ACTIVITY. Range to copy from the entries below: the line containing "<p>Hansells Sculpture Exhibition 1983</p>" through the line containing "Gryffindor Pinstripe Men's Tie - Red", inclusive. Retype only those lines, exactly, without any images.

PROVIDED RECORDS.
=====
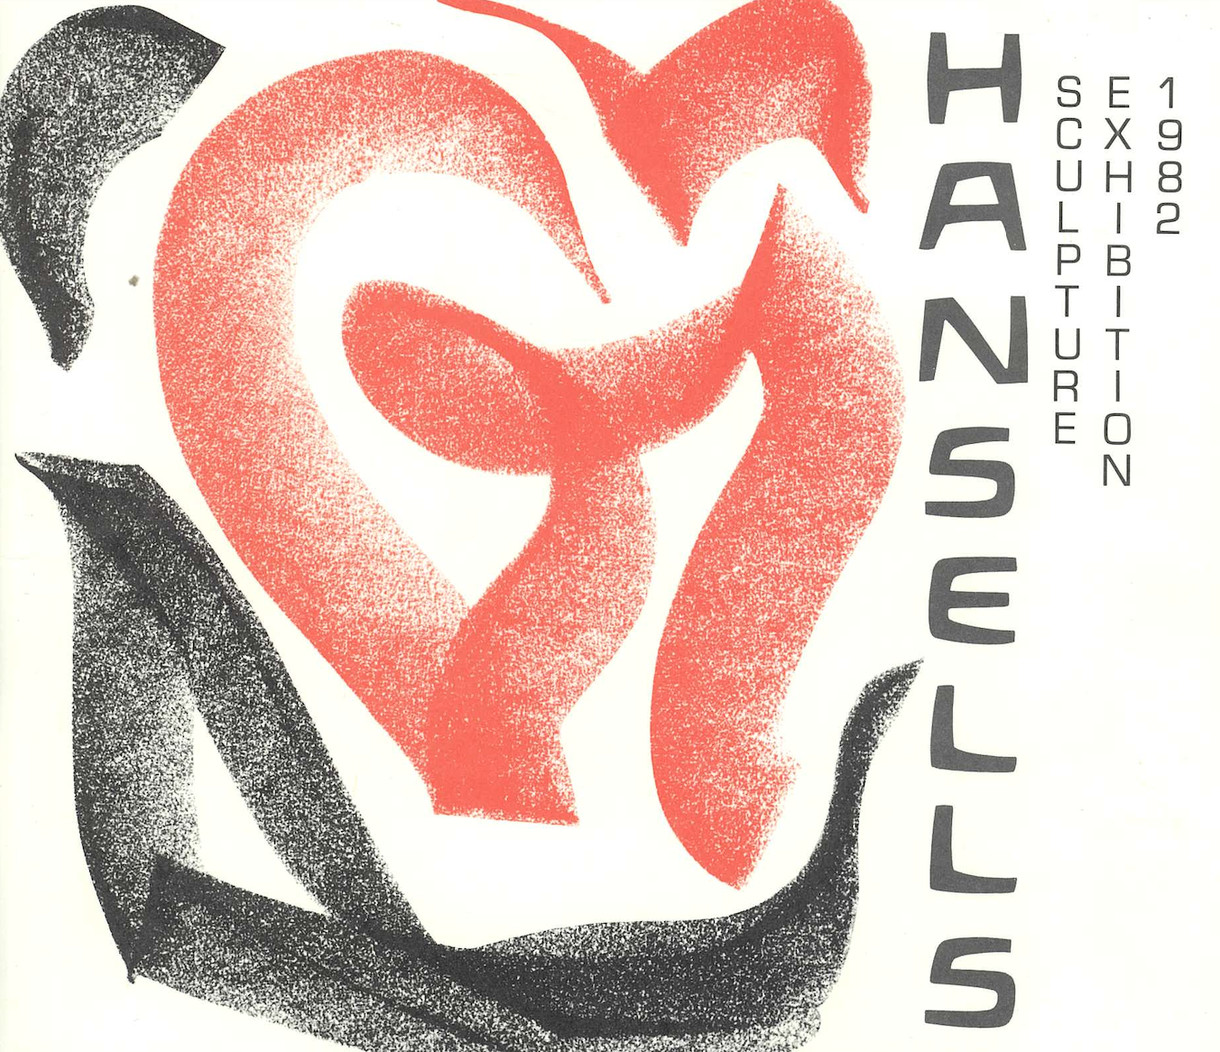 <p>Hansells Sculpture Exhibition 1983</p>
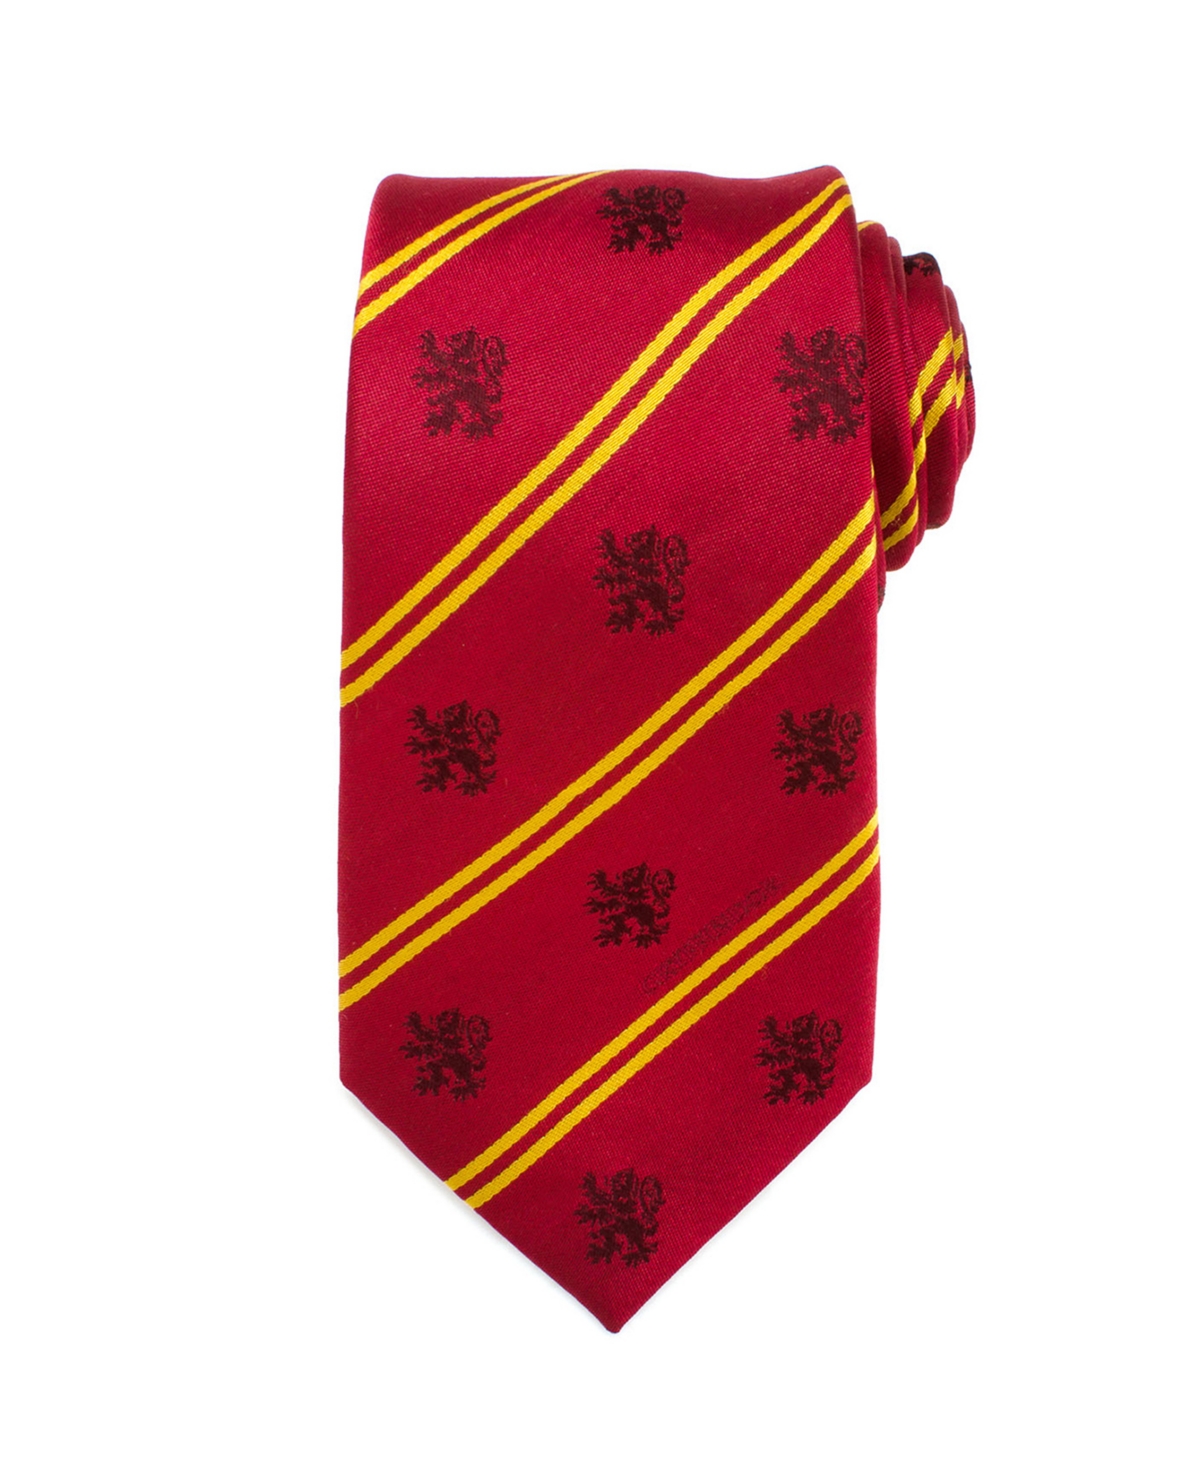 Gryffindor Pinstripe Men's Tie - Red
=====
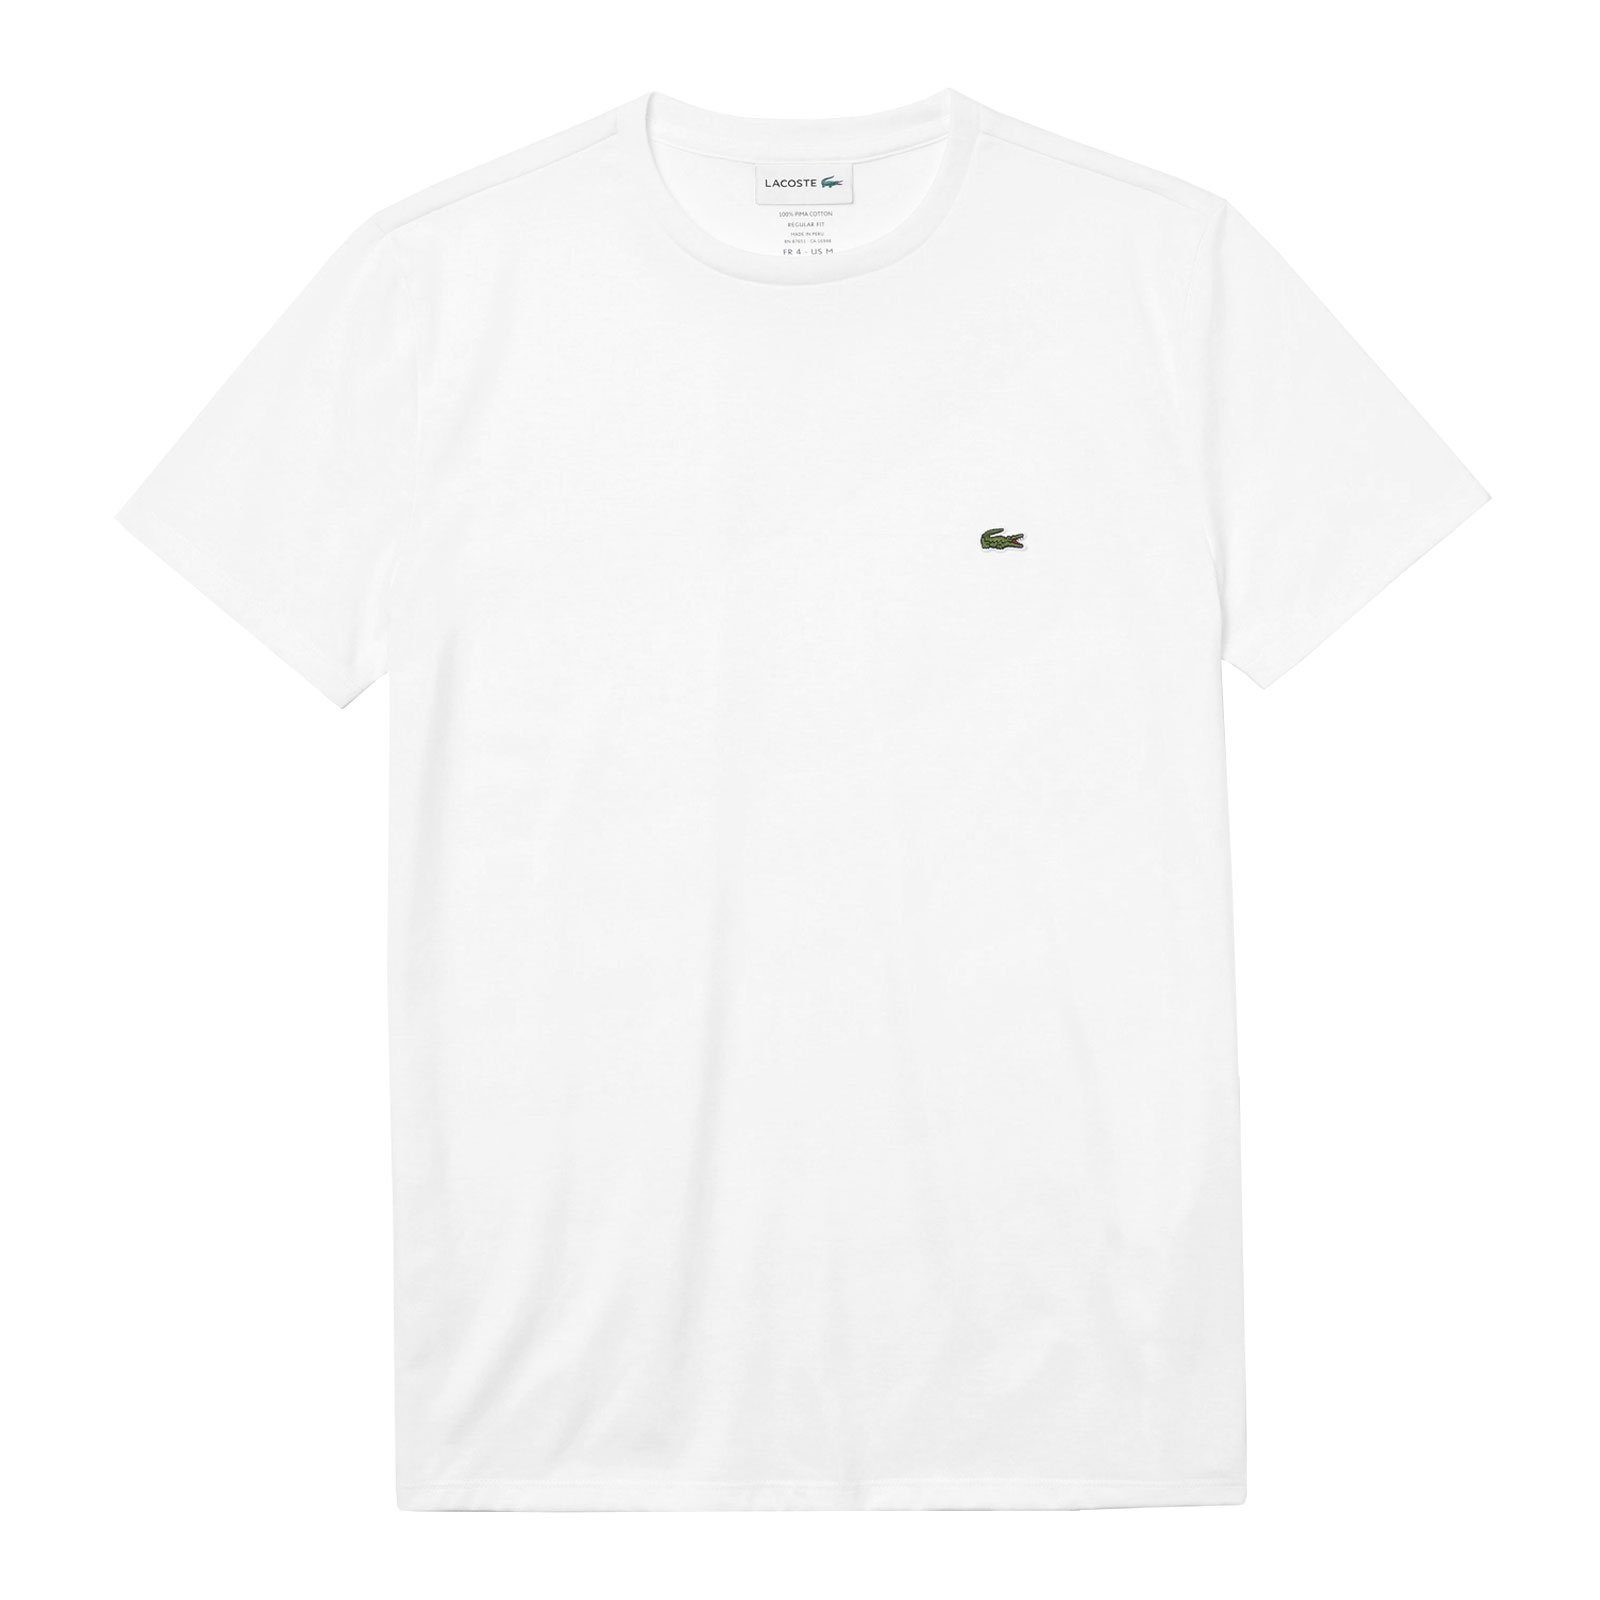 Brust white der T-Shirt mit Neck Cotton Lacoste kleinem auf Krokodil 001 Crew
=====
SOLUTION TO THE EXERCISE.
 <p>Hansells Sculpture Exhibition 1983</p>
 Gryffindor Pinstripe Men's Tie - Red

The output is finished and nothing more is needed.